> PROBLEM STATEMENT
With the pictures excluded, reproduce all of the data exactly.

> COLLECTED DATA

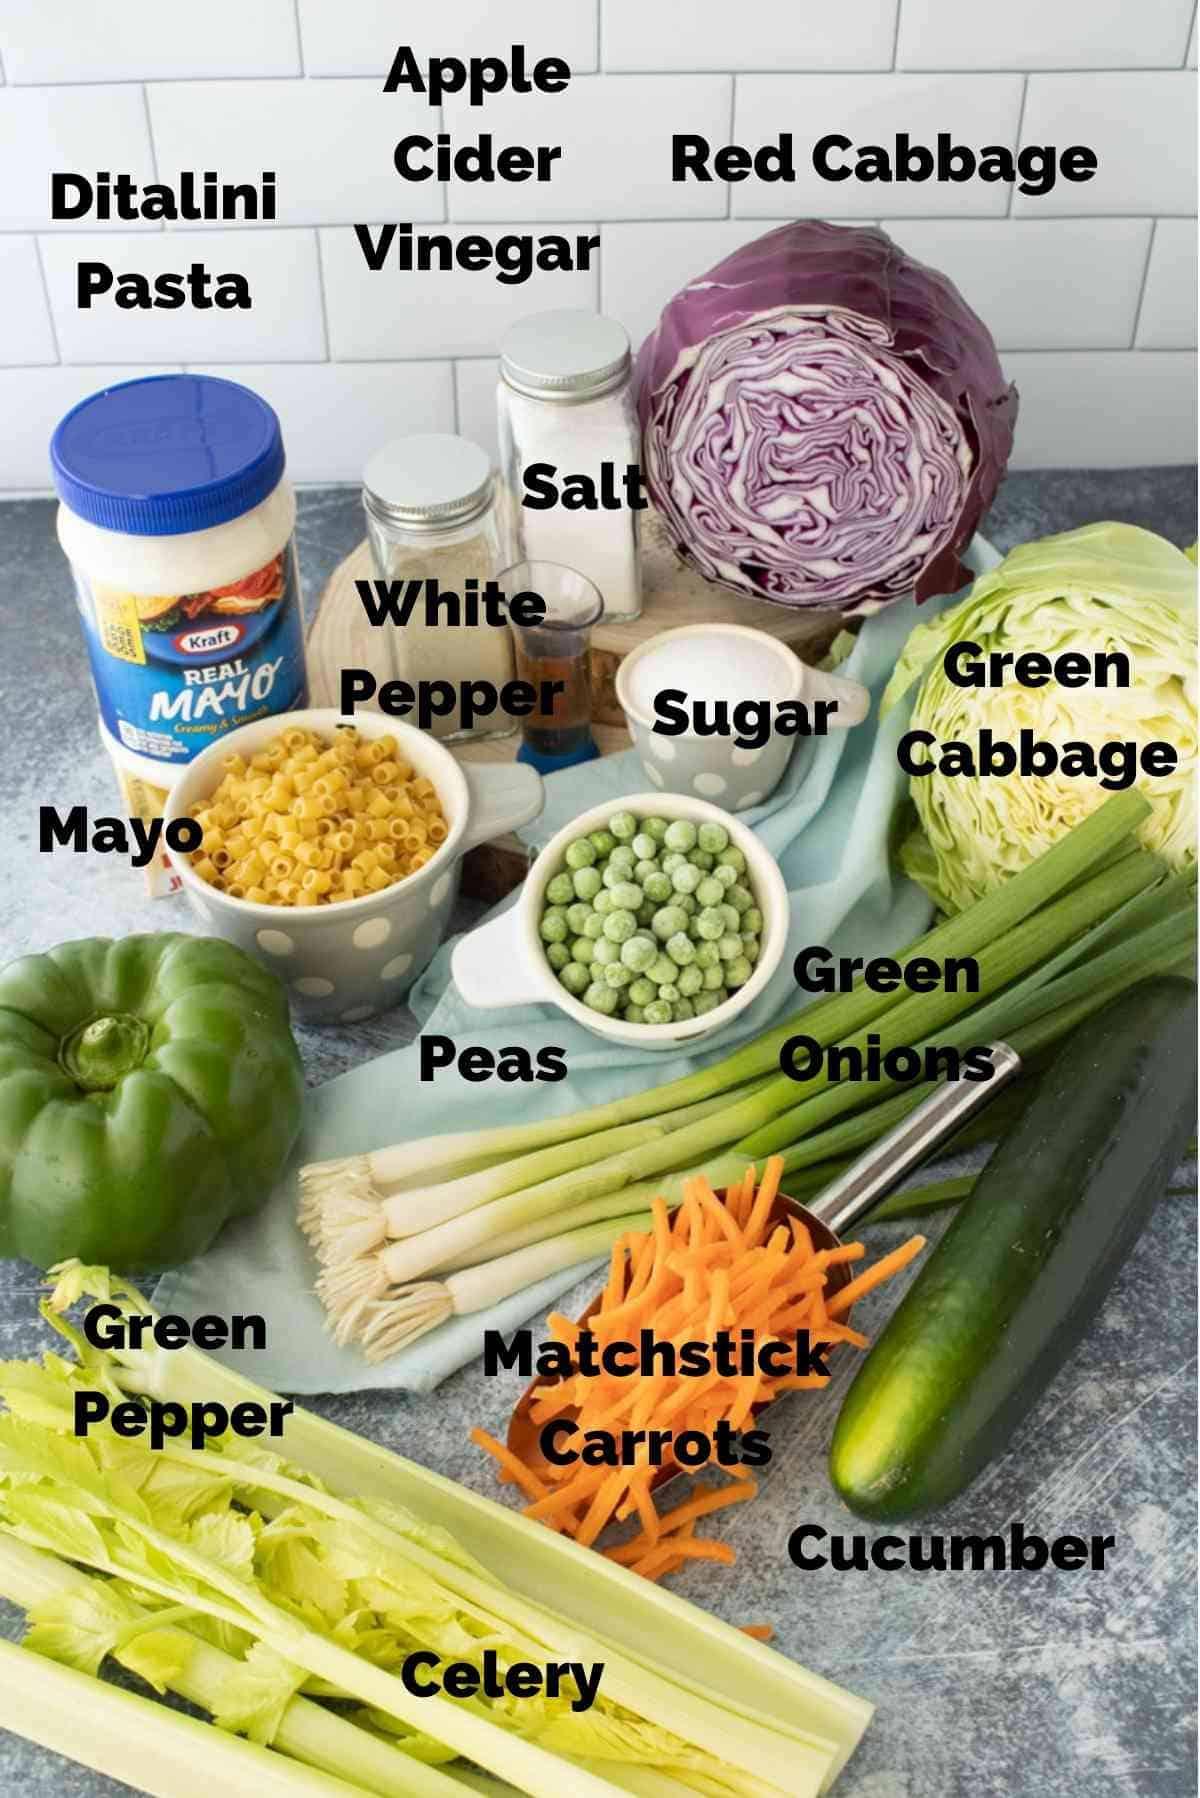 Ingredients for macaroni coleslaw.
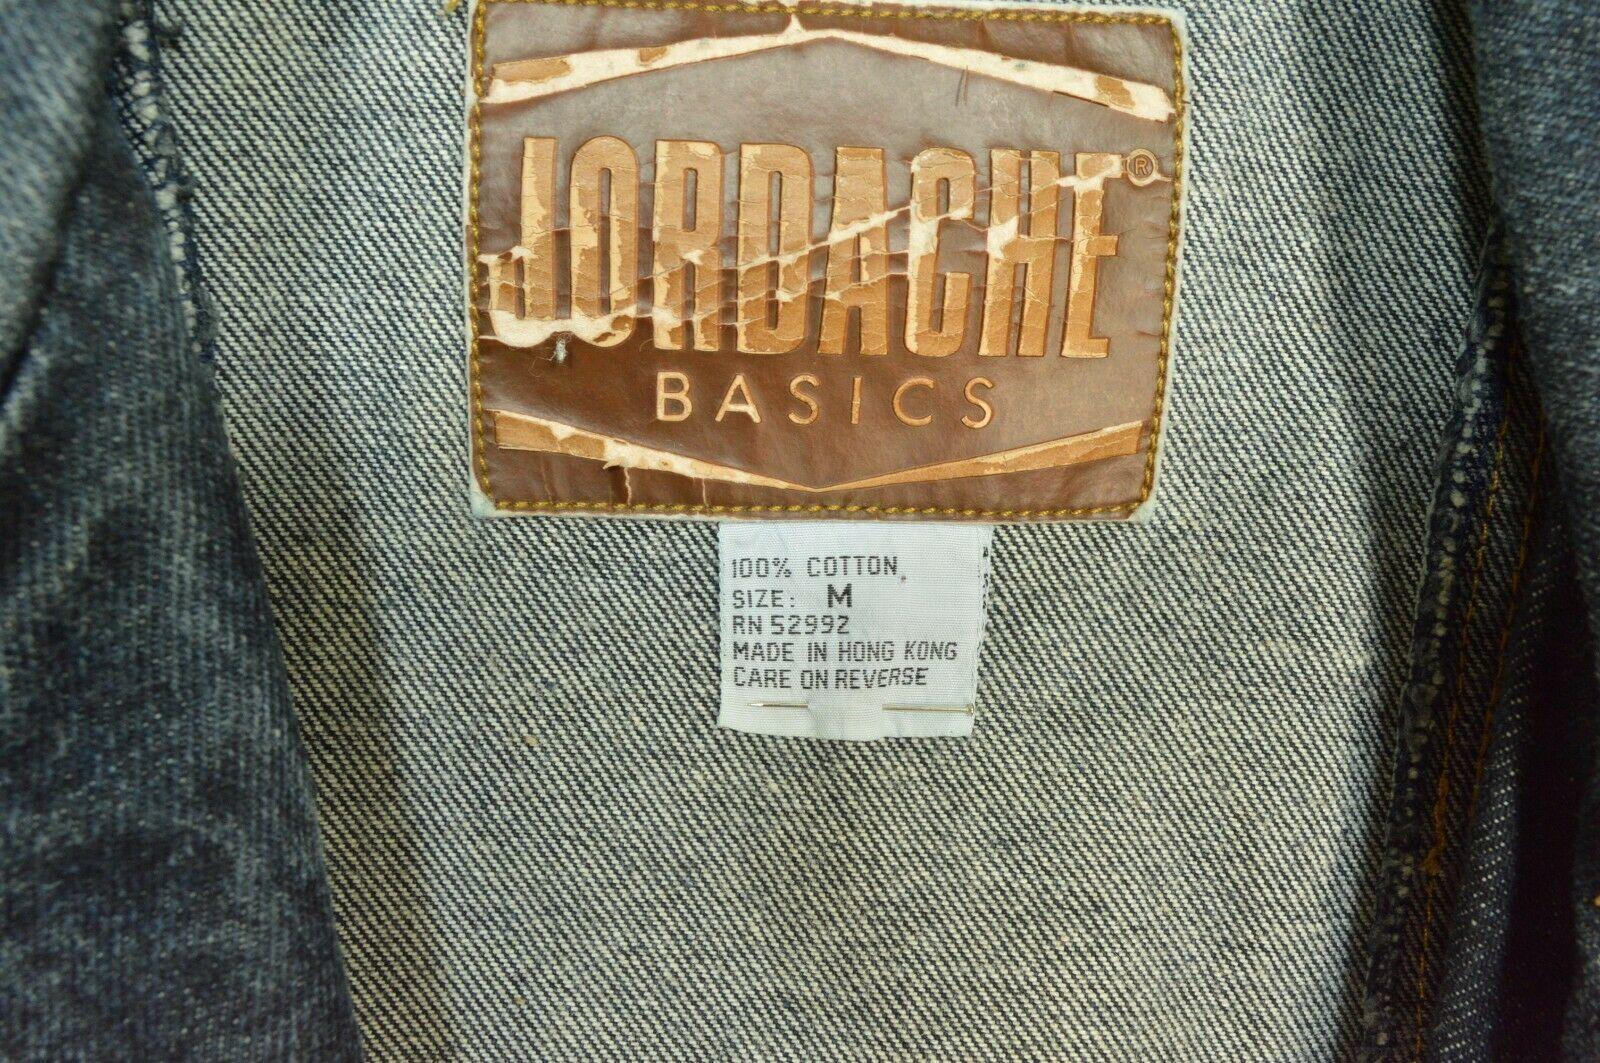 Jordache jeans jacket SZ M denim moto style vintage zippers pockets belt dark image 6
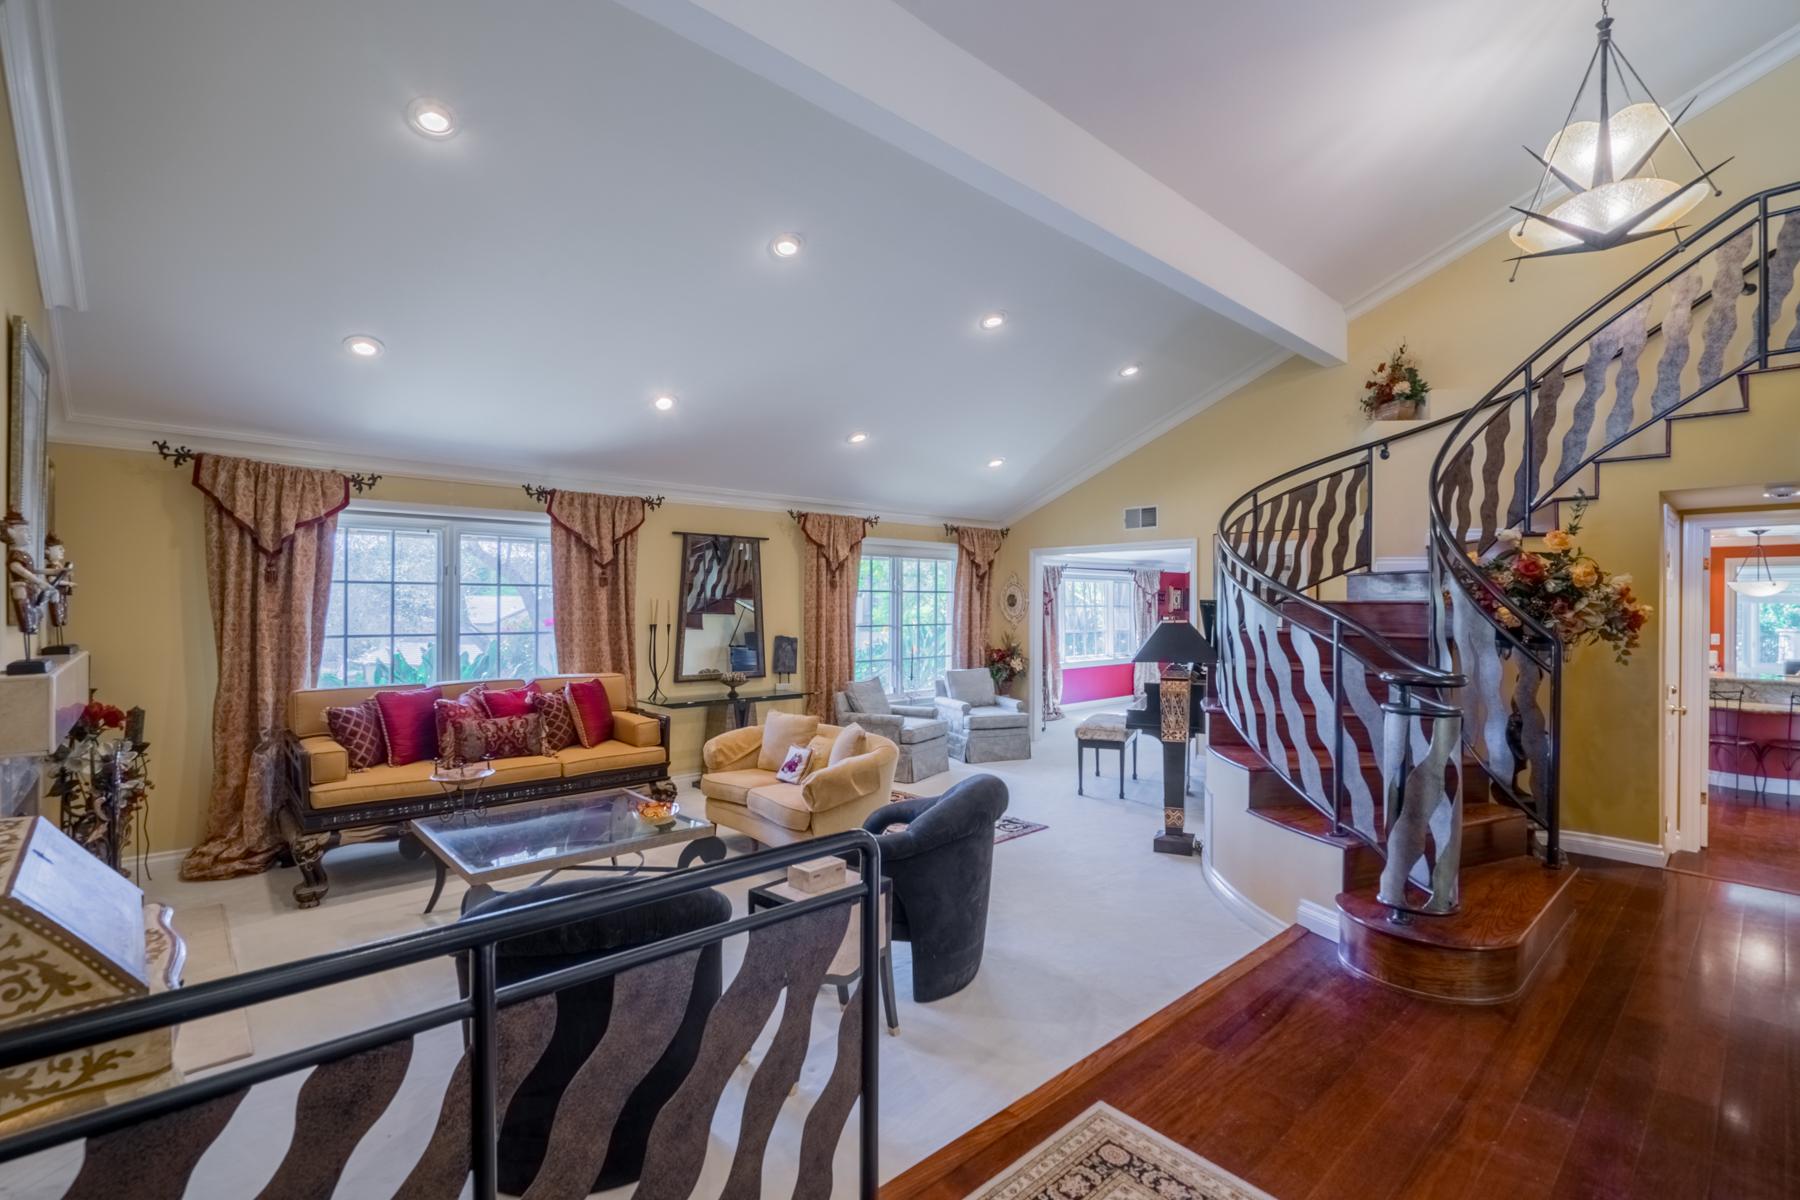 Single Family Home for Sale at 12376 Grandee 12376 Grandee Road Rancho Bernardo, San Diego, California, 92128 United States
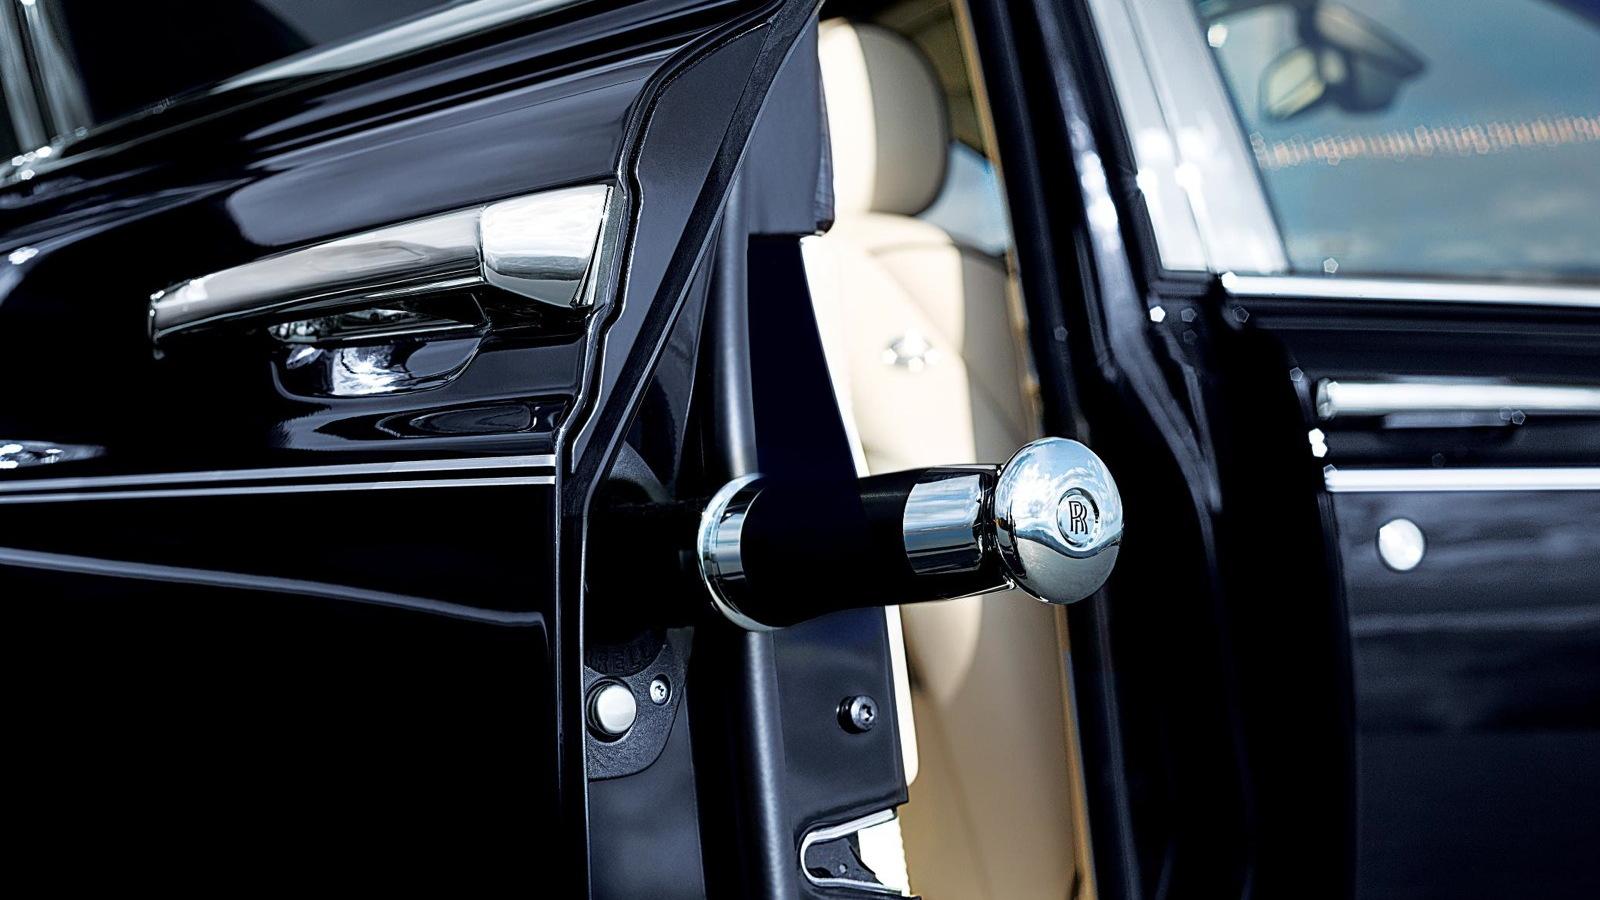 Rolls-Royce Series II Phantom Extended Wheelbase

> OUTPUT FOR THIS TASK
 Ingredients for macaroni coleslaw.
 Jordache jeans jacket SZ M denim moto style vintage zippers pockets belt dark image 6
 Single Family Home for Sale at 12376 Grandee 12376 Grandee Road Rancho Bernardo, San Diego, California, 92128 United States
 Rolls-Royce Series II Phantom Extended Wheelbase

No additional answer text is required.